Diffusion Models for Non-autoregressive Text Generation: A Survey
Yifan Li, Kun Zhou, Wayne Xin Zhao, Ji-Rong Wen
TL;DR
This survey analyzes diffusion-model-based approaches to non-autoregressive text generation, detailing the forward and reverse processes, and distinguishing discrete-token versus continuous-embedding formulations. It surveys core design choices—denoising networks, noise schedules, objective functions, and conditioning strategies—and how PLMs are integrated either as denoisers or via latent-space diffusion, including task-specific pre-training adaptations. The paper highlights key benefits for NAR tasks, such as constrained iterative refinement and intermediate controllability, while summarizing optimization tricks (clamping, self-conditioning, semi-NAR decoding) and training techniques (importance timestep sampling).
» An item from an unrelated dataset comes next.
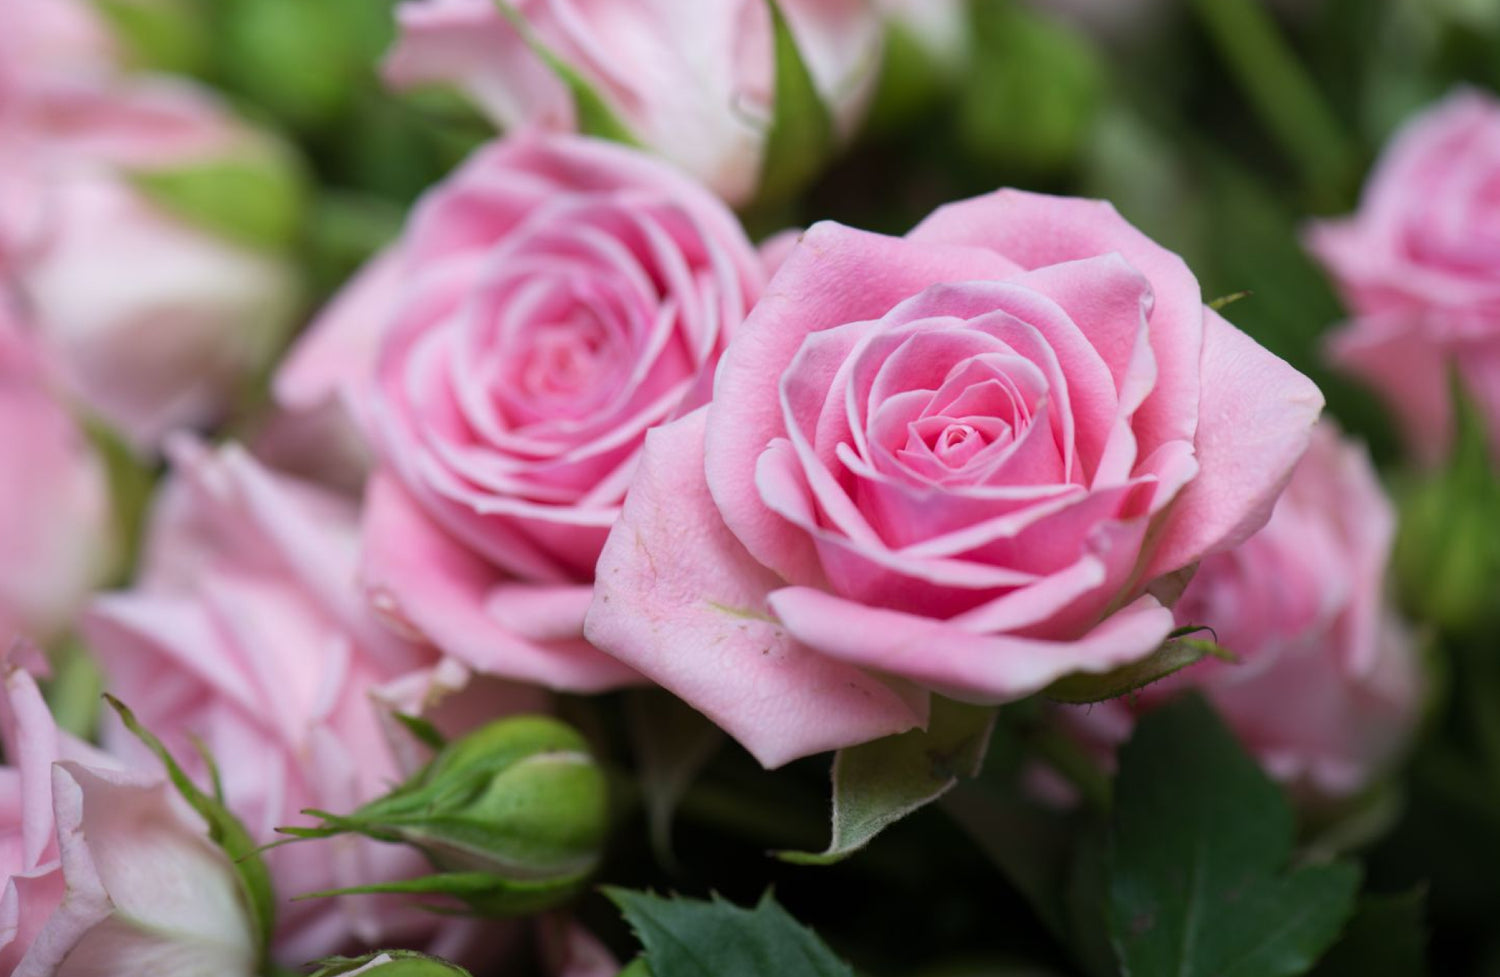 Arti Bunga Mawar Pink: Dibalik Pesona si Merah Muda Merona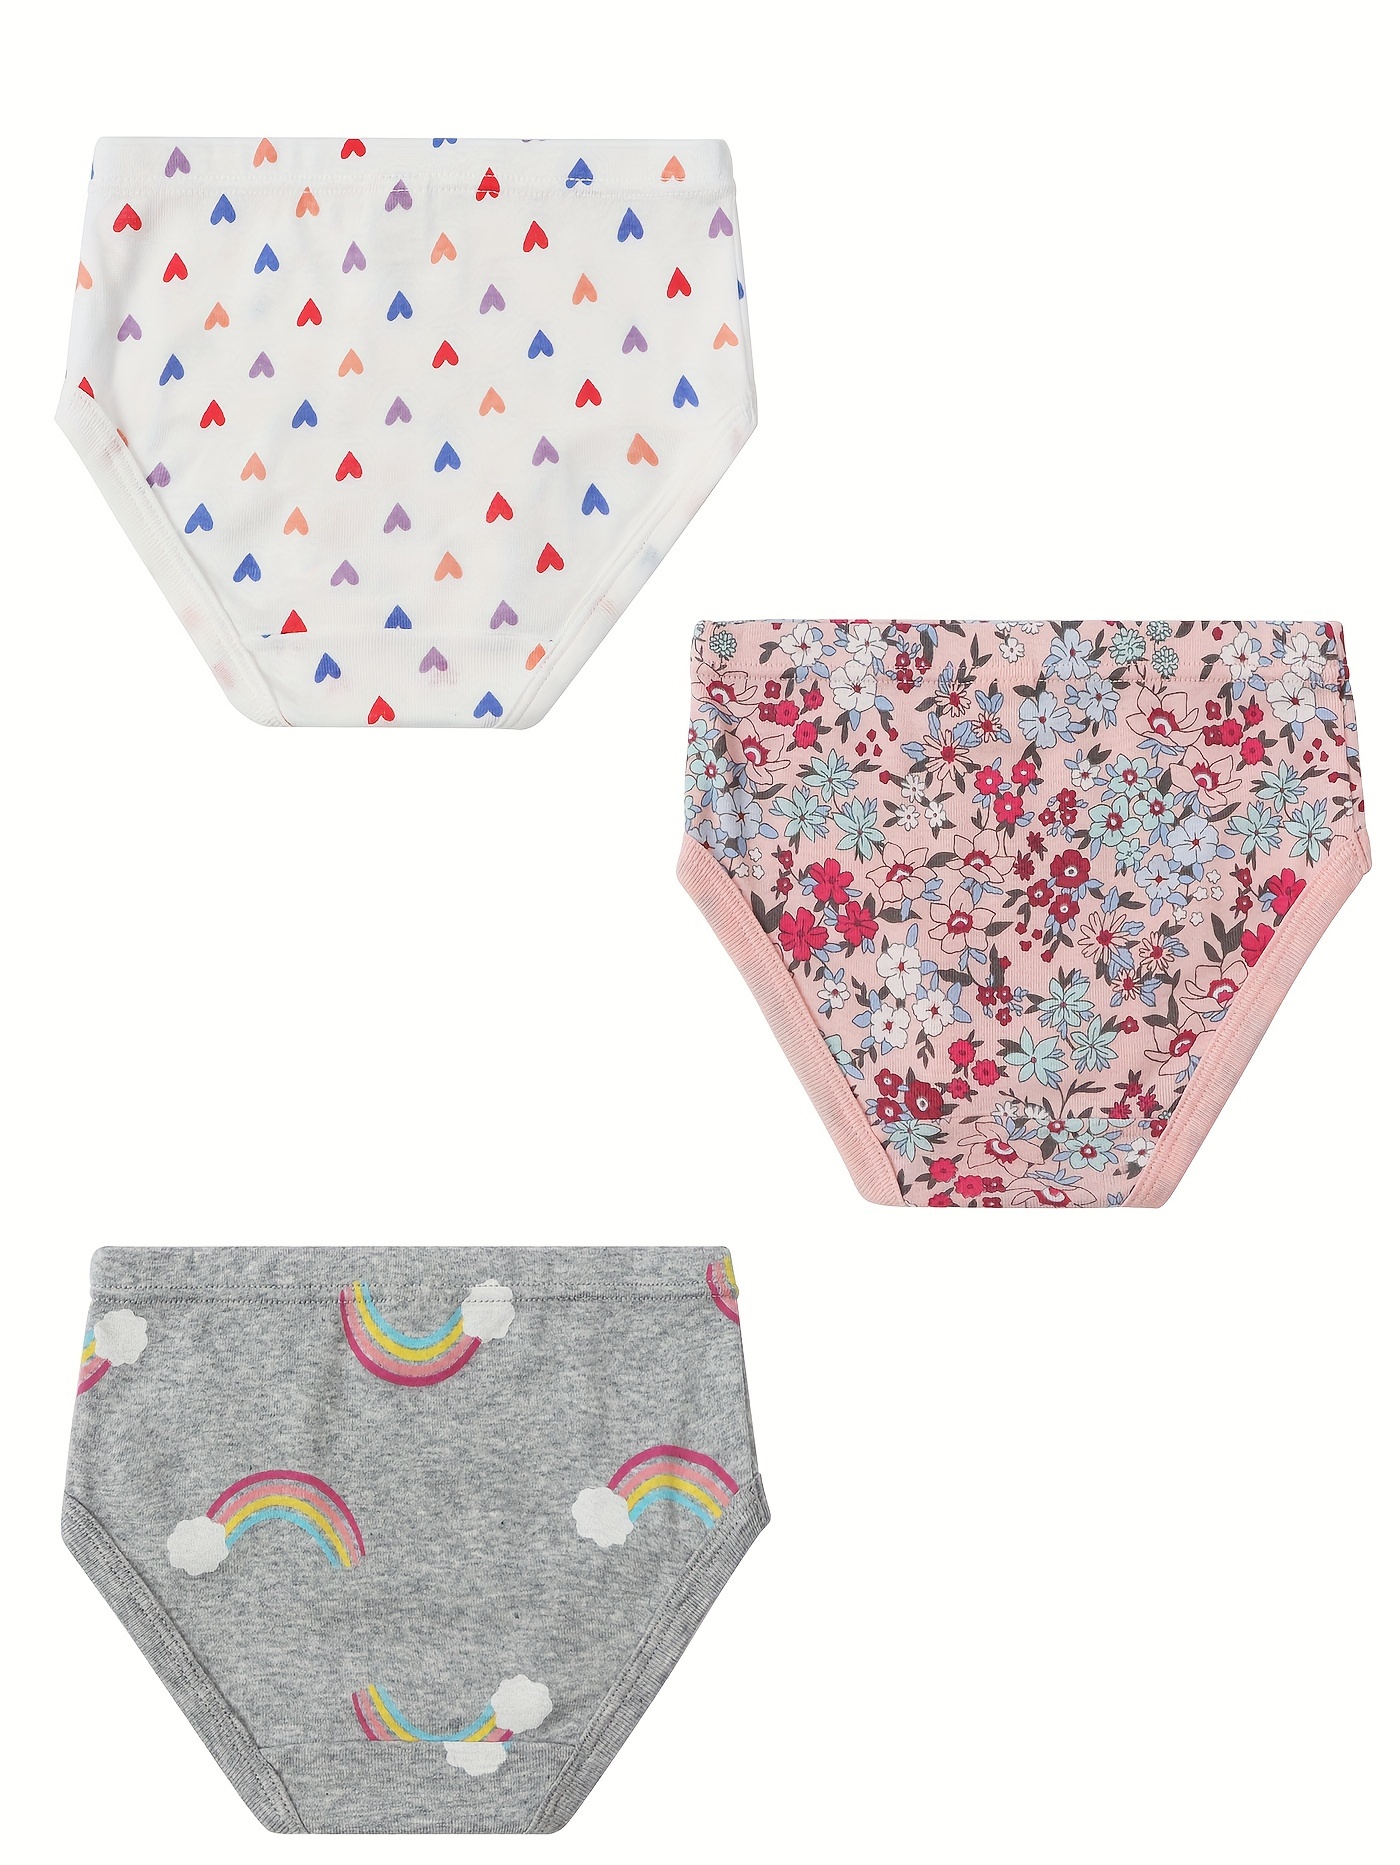  Little Girl Cotton Underwear Toddler Girls Panties Soft Briefs  Size 4T

It concludes with future directions, including tailored noise schedules, better PLM integration, unified multimodal diffusion models, and alignment with human values. Overall, the work provides a structured reference for researchers to design and evaluate diffusion-based NAR text generation systems and to push toward more efficient, controllable, and multimodal capabilities.
Abstract
Non-autoregressive (NAR) text generation has attracted much attention in the field of natural language processing, which greatly reduces the inference latency but has to sacrifice the generation accuracy. Recently, diffusion models, a class of latent variable generative models, have been introduced into NAR text generation, showing an improved text generation quality. In this survey, we review the recent progress in diffusion models for NAR text generation. As the background, we first present the general definition of diffusion models and the text diffusion models, and then discuss their merits for NAR generation. As the core content, we further introduce two mainstream diffusion models in existing work of text diffusion, and review the key designs of the diffusion process. Moreover, we discuss the utilization of pre-trained language models (PLMs) for text diffusion models and introduce optimization techniques for text data. Finally, we discuss several promising directions and conclude this paper. Our survey aims to provide researchers with a systematic reference of related research on text diffusion models for NAR generation. We present our collection of text diffusion models at https://github.com/RUCAIBox/Awesome-Text-Diffusion-Models.